Philip Banks Jr., the new chief’s dad — a retired 27-year NYPD veteran — taught his children what to do if stopped by cops.

“I instructed them how to respond by saying, ‘This is where I’m going, this is where I started, and this what I’m doing,’ ” he said. “A lot of times in our communities, police officers can’t tell a good guy from a bad guy. You have to be aware of things.”

He said that his sons wanted to wear trendy clothes growing up but that he told them, “Dressing like that is going to cause you to be stopped at some point because there’s nothing on your forehead that says you’re a good guy.”

Banks started out patrolling the 81st Precinct in Bedford-Stuyvesant in the crime-ridden ’80s.

“In Brooklyn North, the overwhelming majority of the time — especially years ago, when crime and violence was at its height — you’re going to always have those harrowing situations,” he said.

He has since held a series of lofty posts, including commanding officer of Patrol Borough Manhattan North and the 79th, 81st and Central Park precincts.

Banks fell in line when asked whether he agreed with the City Council’s proposal to install an inspector general to monitor the NYPD. Both Police Commissioner Ray Kelly and Mayor Bloomberg have blasted the plan.

“I don’t think that an inspector general is warranted. I’m not sure what results it would produce,” Banks said.

He would like to continue to build ties with the community.

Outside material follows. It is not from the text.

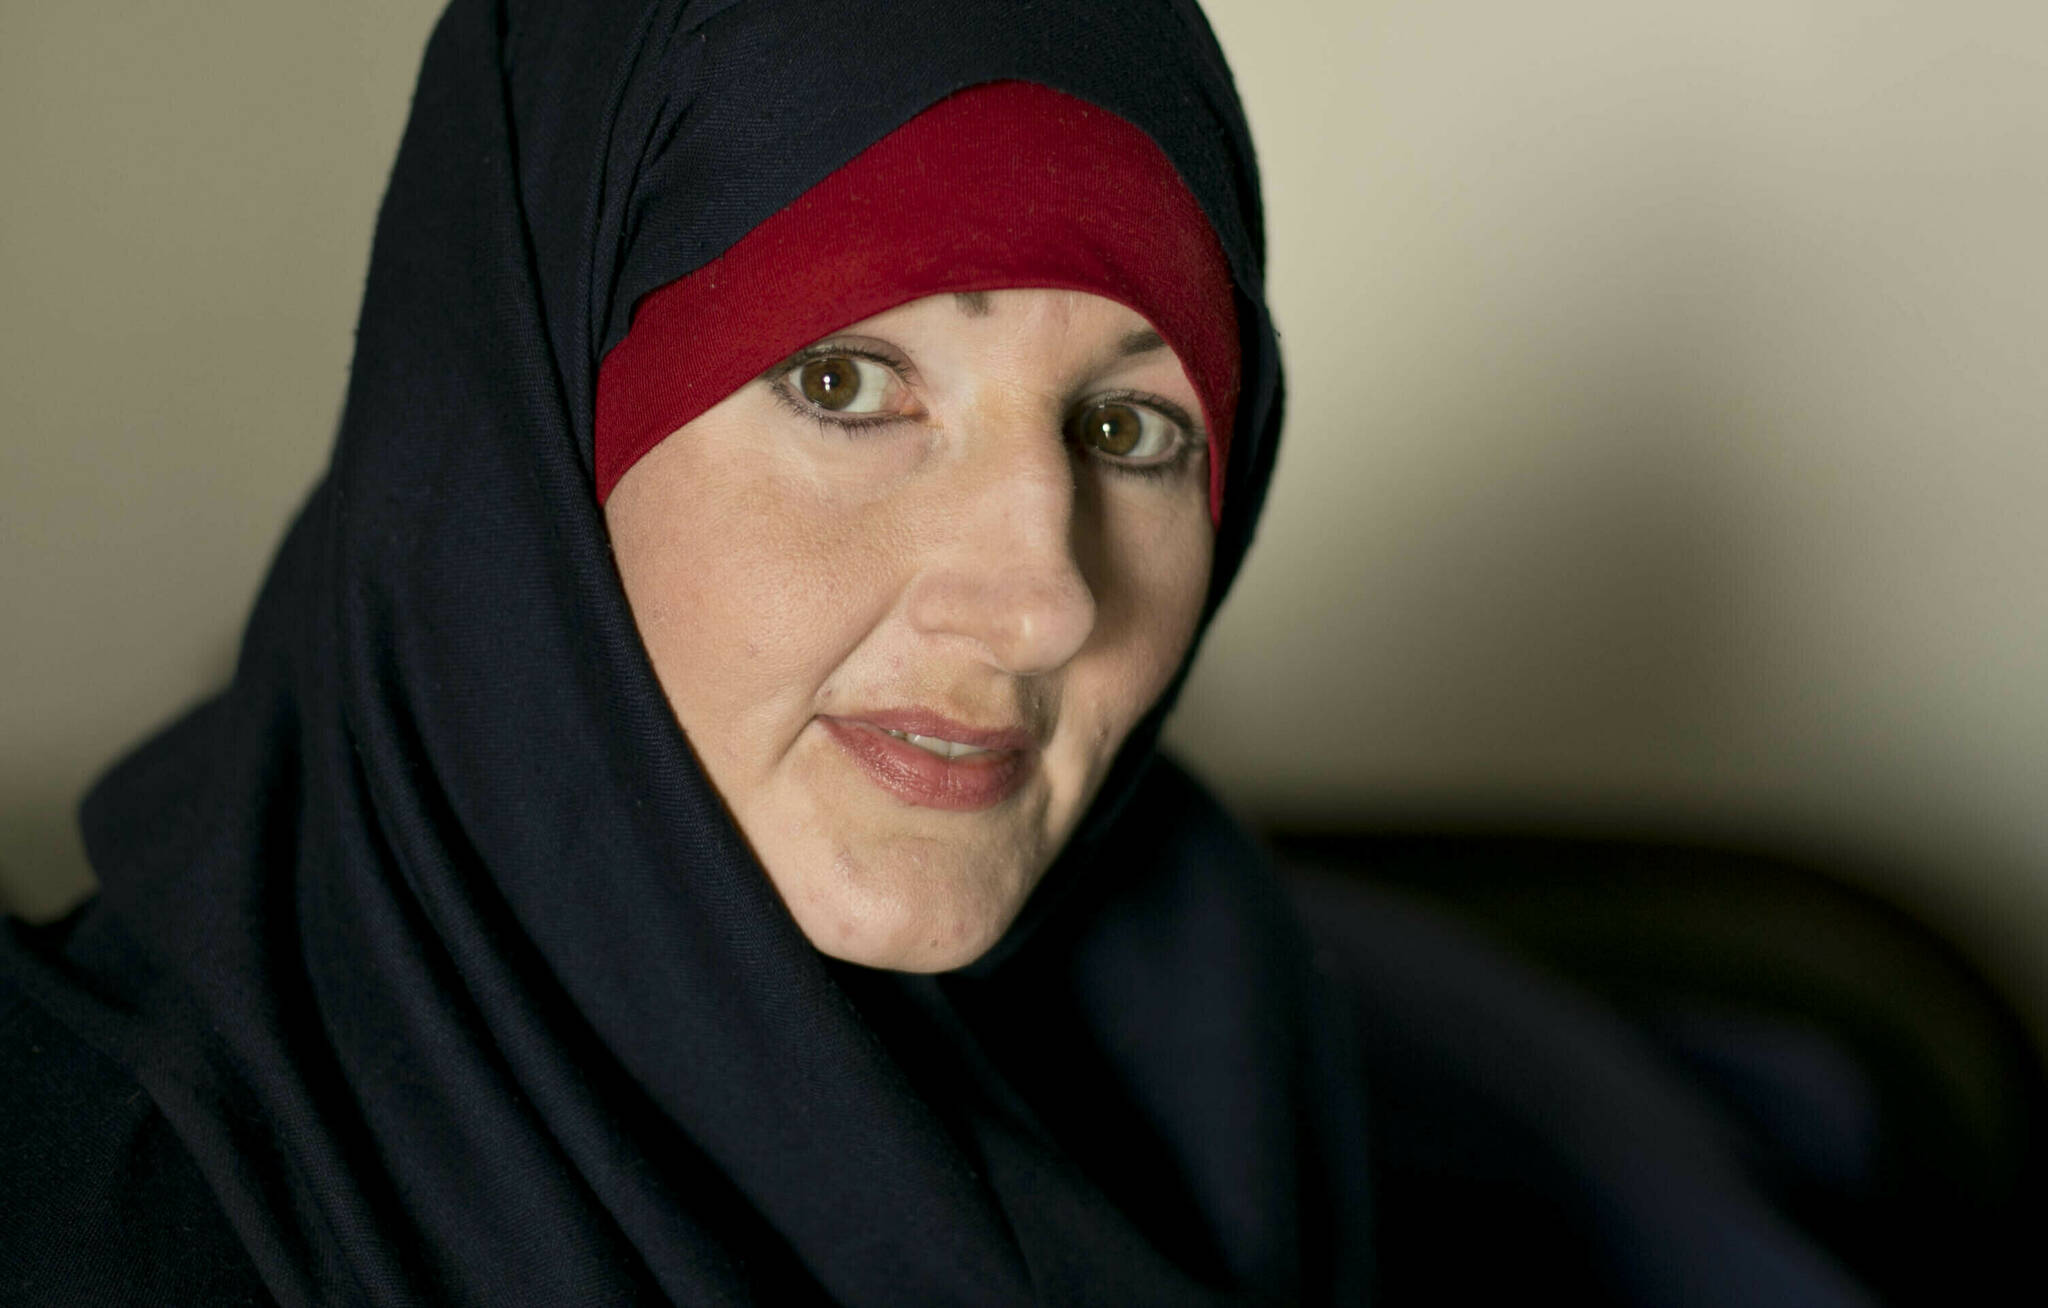 FILE - Kimberly Gwen Polman, a Canadian national, poses for a portrait at camp Roj in Syria, April 3, 2019. Canadian authorities are preventing Polman and a child under age 12, who is not related to Polman, who are detained in a camp in Syria from returning home for life-saving medical treatment, contradicting policies that allow such repatriations, Human Rights Watch, a prominent rights group said Tuesday, Feb. 22, 2022. (AP Photo/Maya Alleruzzo, File)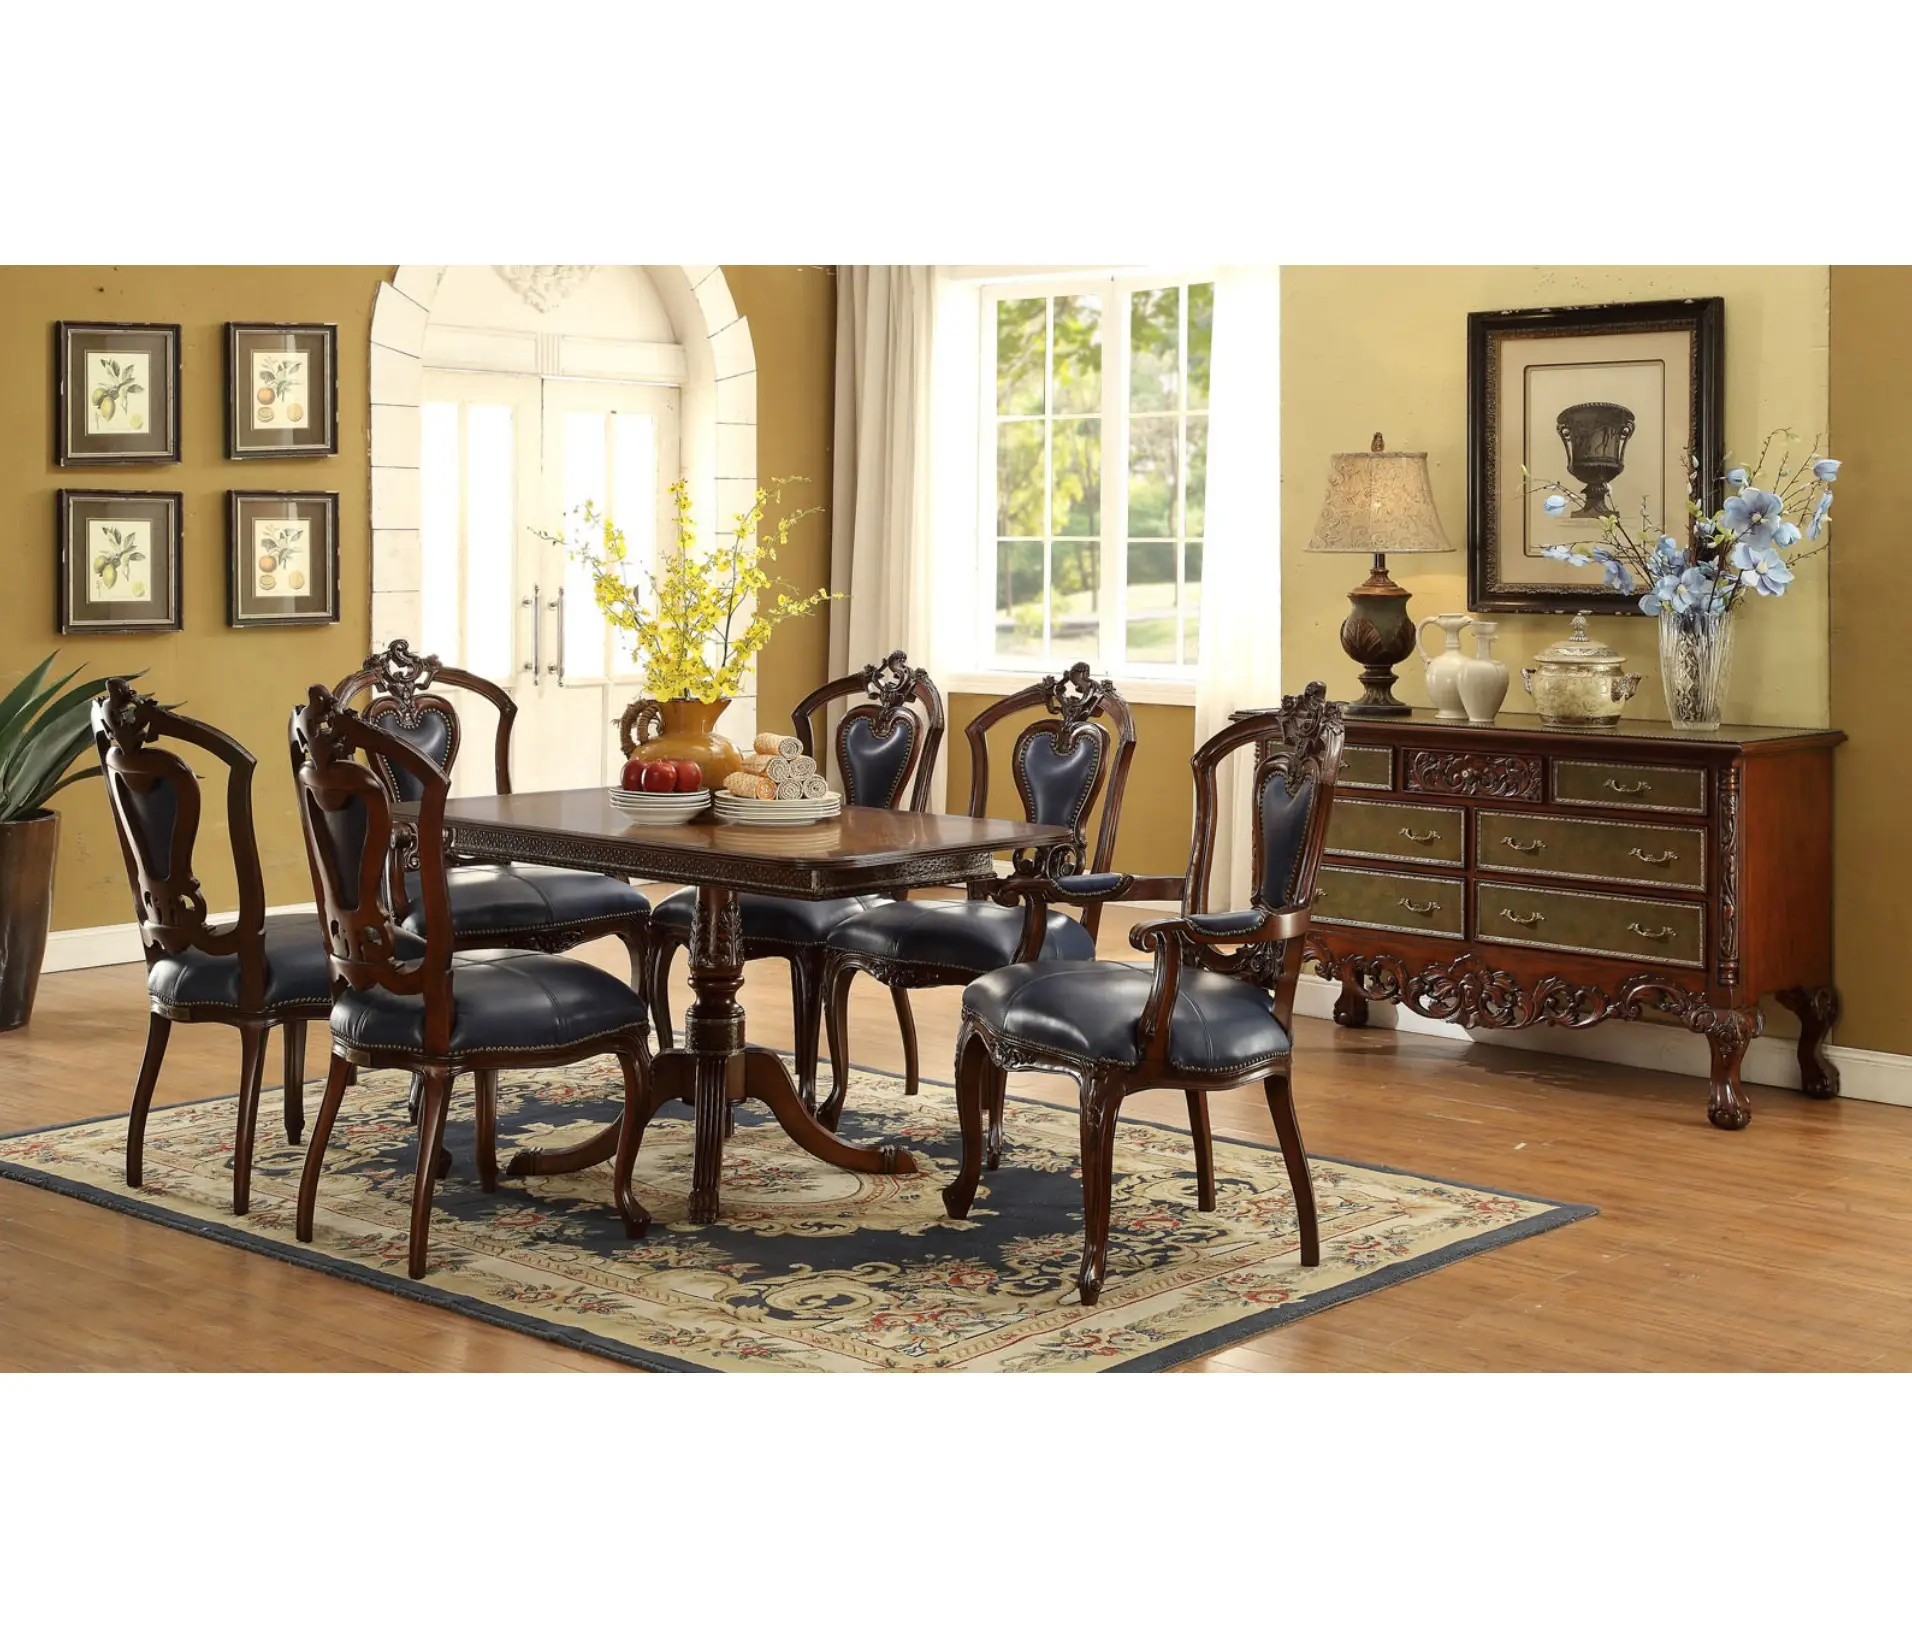 Luxury Hotel Home Furniture Dinner Table Set Antique Style Mahogany Wooden Wedding Chair Dining Room Set Classic Type GGM324

“It’s something that police officers and people in the community have to realize — that it’s not two separate entities, it’s actually joined in one, and what could be achieved when the community thinks of themselves as police and the police think of themselves as the community,” he said.

He didn’t say whether he wanted his current boss to stay on for the next administration.

“I have not thought about Commissioner Kelly being here at all. That’s not my job to do,” he said.